EXERCISE DIRECTIONS
Repeat exactly the lines below that lie between the line with "HAVSTA Aufbewahrung mit" and the line with "Large Size of", counting both of those lines as part of the answer.

**** EXTRACTED ENTRIES

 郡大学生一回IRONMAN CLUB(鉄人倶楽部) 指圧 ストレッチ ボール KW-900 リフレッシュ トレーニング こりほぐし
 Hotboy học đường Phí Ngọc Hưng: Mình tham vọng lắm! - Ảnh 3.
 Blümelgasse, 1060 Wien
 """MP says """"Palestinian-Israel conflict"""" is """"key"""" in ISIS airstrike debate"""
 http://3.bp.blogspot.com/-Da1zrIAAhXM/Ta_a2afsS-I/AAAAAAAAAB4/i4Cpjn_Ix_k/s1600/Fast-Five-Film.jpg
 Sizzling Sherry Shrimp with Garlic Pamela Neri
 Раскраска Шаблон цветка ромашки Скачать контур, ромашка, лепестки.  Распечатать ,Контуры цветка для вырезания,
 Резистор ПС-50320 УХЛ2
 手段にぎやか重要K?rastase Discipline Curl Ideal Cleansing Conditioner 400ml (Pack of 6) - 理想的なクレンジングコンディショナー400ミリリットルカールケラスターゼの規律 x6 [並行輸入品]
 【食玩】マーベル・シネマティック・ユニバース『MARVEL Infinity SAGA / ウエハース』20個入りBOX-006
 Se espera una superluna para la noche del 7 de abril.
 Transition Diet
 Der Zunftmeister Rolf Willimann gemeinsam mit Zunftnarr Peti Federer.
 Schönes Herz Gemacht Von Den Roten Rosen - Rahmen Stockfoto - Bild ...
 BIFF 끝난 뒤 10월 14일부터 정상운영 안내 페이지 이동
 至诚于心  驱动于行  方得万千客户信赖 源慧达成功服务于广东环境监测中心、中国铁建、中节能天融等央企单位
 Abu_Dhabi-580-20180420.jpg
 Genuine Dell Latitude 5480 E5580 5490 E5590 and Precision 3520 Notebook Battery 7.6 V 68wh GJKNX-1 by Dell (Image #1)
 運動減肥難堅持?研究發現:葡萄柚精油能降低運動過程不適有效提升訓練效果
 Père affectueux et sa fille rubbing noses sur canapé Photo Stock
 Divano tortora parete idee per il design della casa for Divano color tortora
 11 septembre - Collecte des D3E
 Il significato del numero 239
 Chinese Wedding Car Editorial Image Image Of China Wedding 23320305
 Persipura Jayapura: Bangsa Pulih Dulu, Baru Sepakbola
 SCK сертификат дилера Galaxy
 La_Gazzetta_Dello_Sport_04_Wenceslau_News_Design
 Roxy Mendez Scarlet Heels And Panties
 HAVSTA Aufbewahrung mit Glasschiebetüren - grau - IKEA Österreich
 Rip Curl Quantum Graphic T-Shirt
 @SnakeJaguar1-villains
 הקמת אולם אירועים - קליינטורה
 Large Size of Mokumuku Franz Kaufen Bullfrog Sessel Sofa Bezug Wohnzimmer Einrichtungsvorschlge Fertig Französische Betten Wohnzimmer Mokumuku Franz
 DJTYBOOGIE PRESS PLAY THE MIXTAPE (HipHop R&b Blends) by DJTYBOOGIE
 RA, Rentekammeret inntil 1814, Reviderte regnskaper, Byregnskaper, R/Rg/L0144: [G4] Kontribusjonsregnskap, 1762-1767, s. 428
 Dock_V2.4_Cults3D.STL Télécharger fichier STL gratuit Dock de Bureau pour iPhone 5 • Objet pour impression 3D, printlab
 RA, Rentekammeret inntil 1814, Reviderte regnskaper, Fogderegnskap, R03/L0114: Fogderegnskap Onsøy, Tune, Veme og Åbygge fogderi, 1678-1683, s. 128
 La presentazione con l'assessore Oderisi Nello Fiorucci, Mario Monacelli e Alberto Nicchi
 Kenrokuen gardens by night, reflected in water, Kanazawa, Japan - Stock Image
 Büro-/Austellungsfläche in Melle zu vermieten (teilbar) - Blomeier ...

********

COMPLETED TASK
 HAVSTA Aufbewahrung mit Glasschiebetüren - grau - IKEA Österreich
 Rip Curl Quantum Graphic T-Shirt
 @SnakeJaguar1-villains
 הקמת אולם אירועים - קליינטורה
 Large Size of Mokumuku Franz Kaufen Bullfrog Sessel Sofa Bezug Wohnzimmer Einrichtungsvorschlge Fertig Französische Betten Wohnzimmer Mokumuku Franz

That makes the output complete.